Menurut para peneliti yang diwawancarai PBS NewsHour, saat tubuh lelah, kadar karbon dioksida dapat meningkat dan memicu sinyal tertentu di otak yang mendorong seseorang untuk menguap. Fenomena ini diduga berkaitan dengan mekanisme bernama social mirroring, yaitu kecenderungan otak untuk meniru tindakan orang lain secara tidak sadar. Respons serupa juga terjadi saat seseorang ikut tertawa, ikut menggaruk, atau otomatis tersenyum setelah melihat orang lain melakukannya. Dalam penelitian yang dikutip Psychology Today, sekitar 40 persen hingga 60 persen orang cenderung mengalami contagious yawning setelah melihat, mendengar, atau bahkan hanya memikirkan orang lain yang sedang menguap.

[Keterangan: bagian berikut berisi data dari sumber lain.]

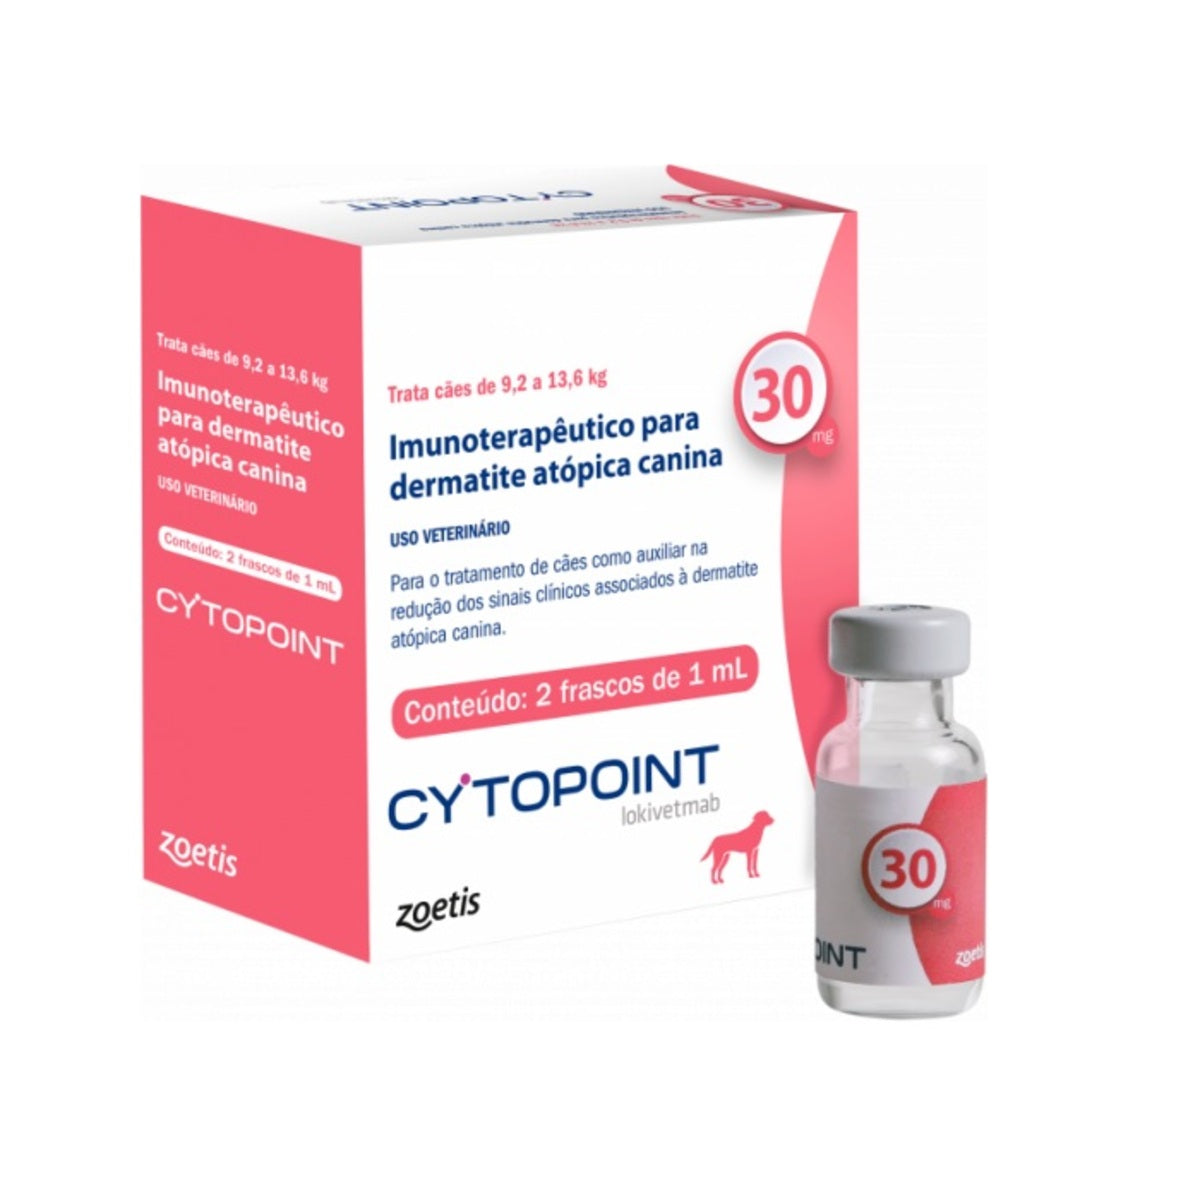 Cytopoint 30 mg/ml – 1 vial

Temuan tersebut melahirkan teori bahwa contagious yawning mungkin berkaitan dengan empati, yaitu kemampuan seseorang untuk memahami dan merasakan apa yang dialami orang lain. Secara sederhana, otak bisa saja sedang membangun respons sosial tanpa kita sadari. Penelitian lain juga menemukan bahwa anak-anak umumnya baru mulai menunjukkan respons menguap menular pada usia tertentu. Meski begitu, temuan-temuan tersebut menunjukkan bahwa tindakan sesederhana menguap memiliki kaitan kompleks dengan mekanisme otak dan hubungan sosial manusia.
Tags:
Bagikan: Silakan bagikan artikel ini, harap sertakan sumber "Portal Berita Terkini Indonesia"。http://singaporeindustryscholarship.sg/html/6sflph8ff.html
Artikel Terkait
Rain Ring Bell Dinanti 4 Juta Penonton, Yang Yang Bintangi
TeknologiYang Yang berpasangan dengan aktris muda Zhang Ruonan dalam proyek drama terbarunya, dan kombinasi dua bintang populer itu langsung mencuri perhatian publik bahkan sebelum drama ini resmi tayang. Drama Rain Ring Bell dijadwalkan tayang perdana pada Rabu, 13 Mei 2026 melalui platform Disney+ dan Youku....
Baca SelengkapnyaIHSG Terancam Anjlok Imbas Pelemahan Rupiah
TeknologiNilai tukar rupiah sempat menyentuh level Rp17. 600 per dolar AS sebelum kembali menguat tipis ke posisi Rp17....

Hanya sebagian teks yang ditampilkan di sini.